Читаем «Строгая утеха созерцанья». Статьи о русской культуре полностью

Отсутствующее в святцах (а значит – нехристианское) имя это вошло в русский именник только на рубеже XIX–XX вв.[1522], хотя мода на различного рода ономастическую славянскую и псевдодревнерусскую экзотику возникает в середине XIX столетия. Уже в 1858 г. воды Атлантики бороздит винтовой фрегат Балтийского флота «Светлана»[1523], а в 1898 г. был спущен на воду крейсер «Светлана», один из активных «участников» Русско-японской войны[1524]. С начала нового столетия диапазон явлений, названных этим именем, расширяется так: например, в 1913 г. организуется отделение электрических ламп «Светлана»[1525], а в курортном Сочи 1917 г. функционирует пансионат с тем же названием[1526]. Таким образом, послереволюционное время не «открыло» это имя, а лишь закрепило, «узаконило» его в качестве антропонима. С 30‐х годов его популярность резко возрастает[1527], в 50‐х оно вдруг вошло в первую десятку, а с 60‐х годов – даже в первую пятерку самых употребительных женских имен

[1528], попутно породив редко, но все же встречающийся мужской эквивалент – Светлан[1529]. Продержавшись на этой высоте более двух десятилетий, имя Светлана постепенно начало сдавать свои позиции[1530], оставаясь, впрочем, и в 1980‐х годах еще достаточно популярным, хотя и с несколько простонародным «привкусом»[1531].

Специалисты по русской антропонимике, расходясь в решении вопроса о его происхождении (одни считают его славянским[1532], другие – древнерусским[1533]

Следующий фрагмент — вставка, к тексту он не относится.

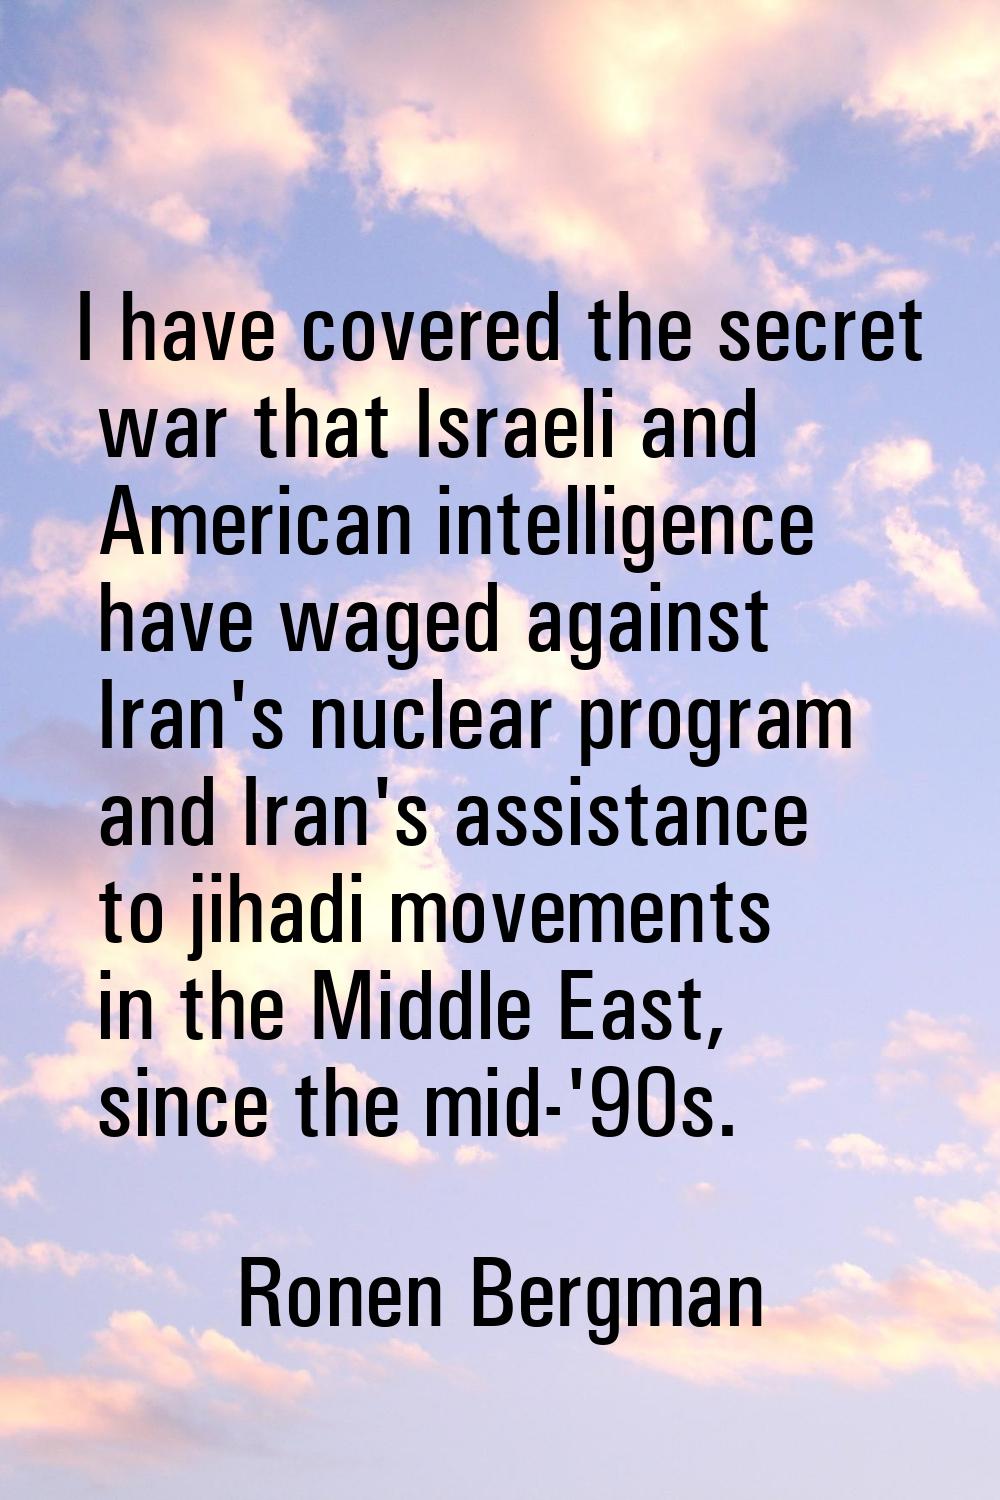 I have covered the secret war that Israeli and American intelligence have waged against Iran's nucl

, третьи – выдуманным литературным[1534]), единодушно связывают его известность с балладой Жуковского, в чем, конечно, трудно усомниться. Любопытным представляется тот факт, что превращение литературного имени Светлана в реально бытующее происходит в тот момент, когда в общественном сознании постепенно утрачивается память как о знаменитой балладе, так и о других произведениях Жуковского. Отброшенного официозным советским литературоведением в лагерь «консервативных романтиков» Жуковского все реже и реже печатают в массовых изданиях, исключают из школьных программ, и он отлагается в сознании учеников лишь как автор знаменитой надписи на портрете, подаренном Пушкину: «Победителю ученику…». Некогда известные каждому учащемуся строки хрестоматийного поэта, с детства не войдя в память, не попадают в нее уже никогда. Поэтому неудивительно, что и многочисленные Светы и Светки нескольких поколений советских детей чаще всего не связывали своего имени с героиней баллады[1535], скорее помня Светланку из «Голубой чашки» Аркадия Гайдара или же колыбельную, которую поет героиня кинофильма «Гусарская баллада» своей кукле («Спи, моя Светлана…»)[1536], чем
Светлану Жуковского[1537].

Парадокс этот объясняется рядом причин. Приобретение в первые послереволюционные годы чувства «антропонимической свободы», освобождение от диктата святцев, сдерживавших имятворческую инициативу, произошли в тот период, когда баллада «Светлана» была еще «на слуху» молодых родителей, отчего имя ее героини и попало в список новых имен, наряду с десятками других. Дальнейшей популярности его способствовал ряд причин уже отнюдь не литературного характера. Естественность его звучания (соответствие модели привычных русских имен на «-на» – Татьяна, Елена, Ирина), его благозвучие (не какие-нибудь там громоздкие Коминтерн или Индустрий), его несомненно положительная эмоциональная окраска, порожденная корнем «свет», – все это, соответствуя романтической настроенности времени, импонировало молодым родителям. Кроме того, в условиях социалистической действительности произошло частичное переосмысление имени Светлана – оно получило дополнительную, «советскую», окраску, согласуясь с символикой понятия «светлый» и ассоциируясь с новыми спектрами значений слова «свет»[1538]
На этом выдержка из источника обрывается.